Джордж вспомнил, что не видел в городе или его окрестностях ни одного дома, который мог бы вместить пятьдесят человек за раз, не говоря же о том, что для стольких слуг просто не найдётся работы.

– И всё же жизнь – штука скверная. Я один, понимаете? Мою кровать греют только женщины, берущие с мужчин деньги из рук в руки, не применяя своих хитростей и очарования, не связывающие меня обетами, хотя мне бы именно такую и хотелось.
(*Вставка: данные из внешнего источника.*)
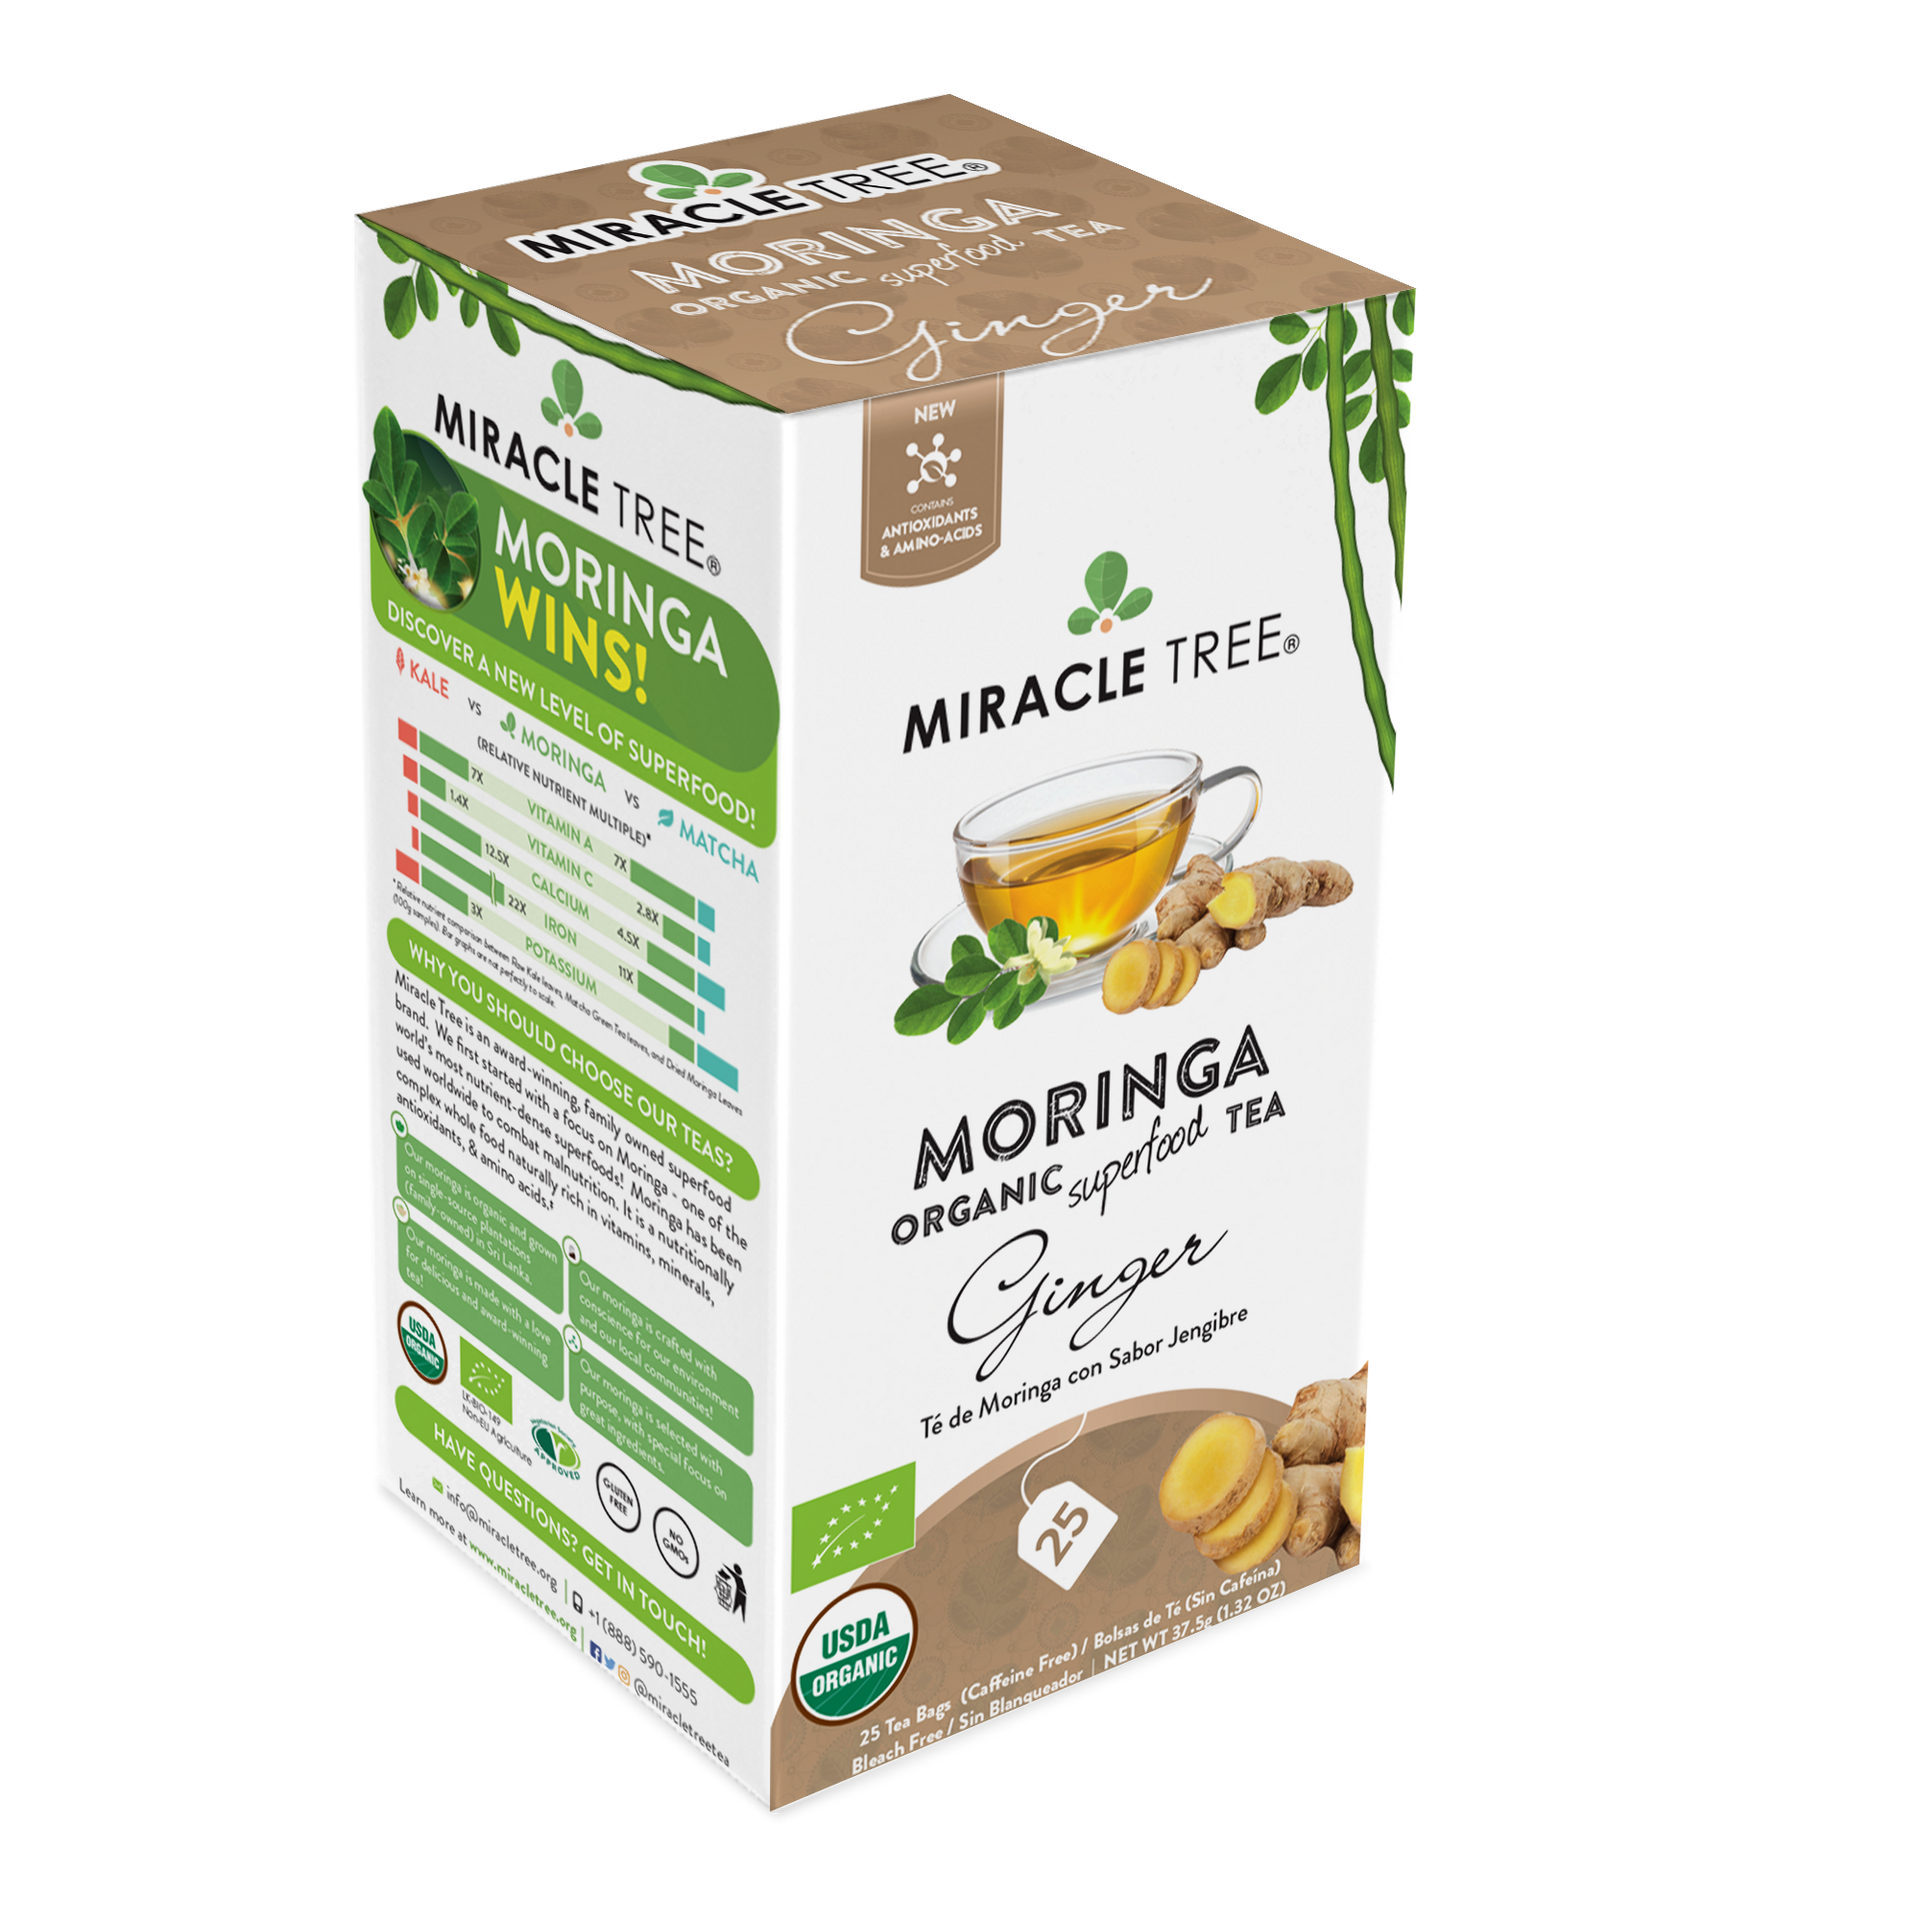 Miracle Tree's Organic Moringa Tea, Ginger - Mercantile Mountain

– Вы ещё не так стары, чтобы жениться.

– Жениться никогда не поздно, – богатей вздохнул и выпил. – С тех пор, как я заработал состояние, мне попадаются только потрёпанные жизнью дамы, коим одних только денег и надо, либо молодые озорницы, ещё слишком неопытные, чтобы должным образом ценить возможность быть обеспеченной. Нет, такие будут рады уехать в невиданные дали с принцем без гроша в кармане, а свою ошибку осознают лишь тогда, когда станут стары, и немедля попытаются компенсировать утраченное из чужого кошелька.

– Так, может, лучше не от холодного расчёта, а по любви? – улыбнулся бармен, всё это время слушавший разговор.

– Так, а где ж она – любовь? В чужой голове любовь не распознаешь, а в своей только беды и принесёт. Нет уж, увольте, посещать бордели в одежде простолюдина куда как проще, безопаснее для кошелька и, в конце концов, даже честнее.